Lymphedema can also ensue from other mechanisms of lymphatic trauma, among them burns, large or circumferential wounds of the extremity, or other iatrogenic causes.48
Other Causes
Other conditions leading to or associated with obstruction of lymphatic channels include tuberculosis, contact dermatitis, rheumatoid arthritis, and pregnancy.49 Autoimmune destruction of the lymphatics remains an interesting but unproven etiology.50 Factitious lymphedema (“oedema bleu”) also occurs. The condition usually affects the hand, arm, or both; is unilateral; and is induced by applications of tourniquets, self-inflicted cellulitis, or maintenance of the limb in an immobile and dependent state. Chronic subcutaneous injections of drugs (most notably, pentazocine hydrochloride) also may lead to lymphatic sclerosis and obstruction.
Pathology of Lymphedema
Early in the natural history of lymphedema, there is variable thickening of the epidermis; the skin becomes rough with hyperkeratosis and accentuation of skin folds. Organization and fibrosis may lead to development of papillomatosis. Early on, substantial edema of the dermis may occur. On cut section of gross specimens, the dermis is firm and gray, as is the deep fascia. Usually later in the course, but sometimes quite early, there may be expansion of the subcutaneous adipose tissue, often septated by prominent fibrous strands.

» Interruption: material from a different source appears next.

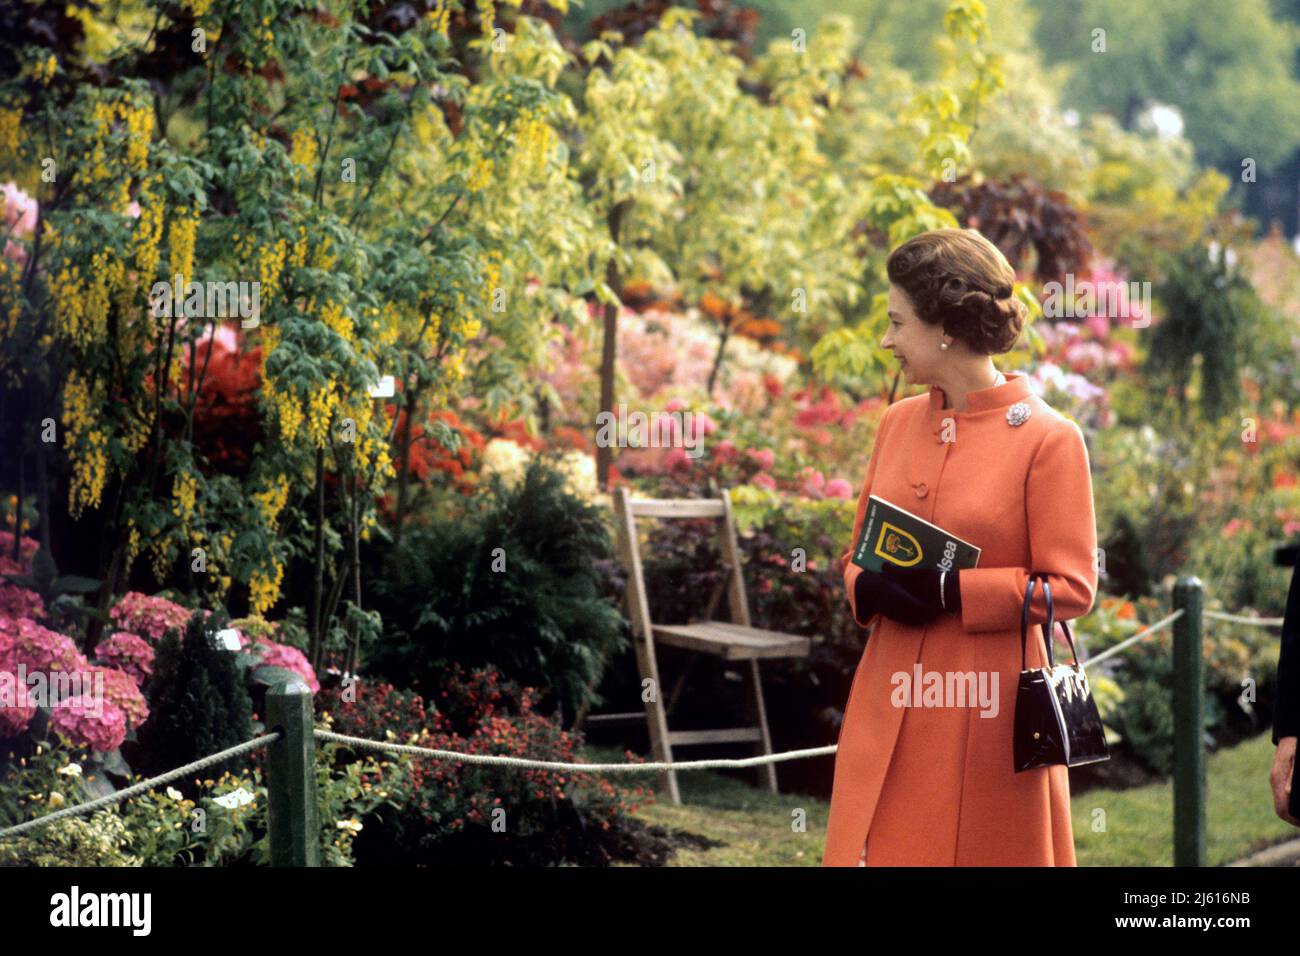 Foto di archivio datata 24/05/71 della regina Elisabetta II durante la sua visita al Chelsea Flower Show, come ritratto scultoreo floreale della regina sarà tra gli omaggi al monarca in occasione del suo Platinum Jubilee al RHS Chelsea Flower Show di quest'anno. Foto Stock

In some specimens, compression causes lymph to exude from the dermis and subcutaneous tissue, although this is not a prominent feature. Microscopic examination reveals hyperkeratosis with prominent dermal fibrosis, as well as variable degrees of dermal edema (Fig. 58-3). Abundant subcutaneous fat with prominent fibrous septa is apparent in all cases. Often, perivascular inflammatory cells (lymphocytes, plasma cells, and occasionally eosinophils) can be seen. The lymphatic vessels often are difficult to visualize and may be obliterated or thrombosed by previous inflammatory episodes or may be congenitally absent or hypoplastic. Dilation of the lymphatics may be seen.
Figure 58-3 Skin biopsy in chronic lymphedema discloses characteristic hyperkeratosis and hypercellularity.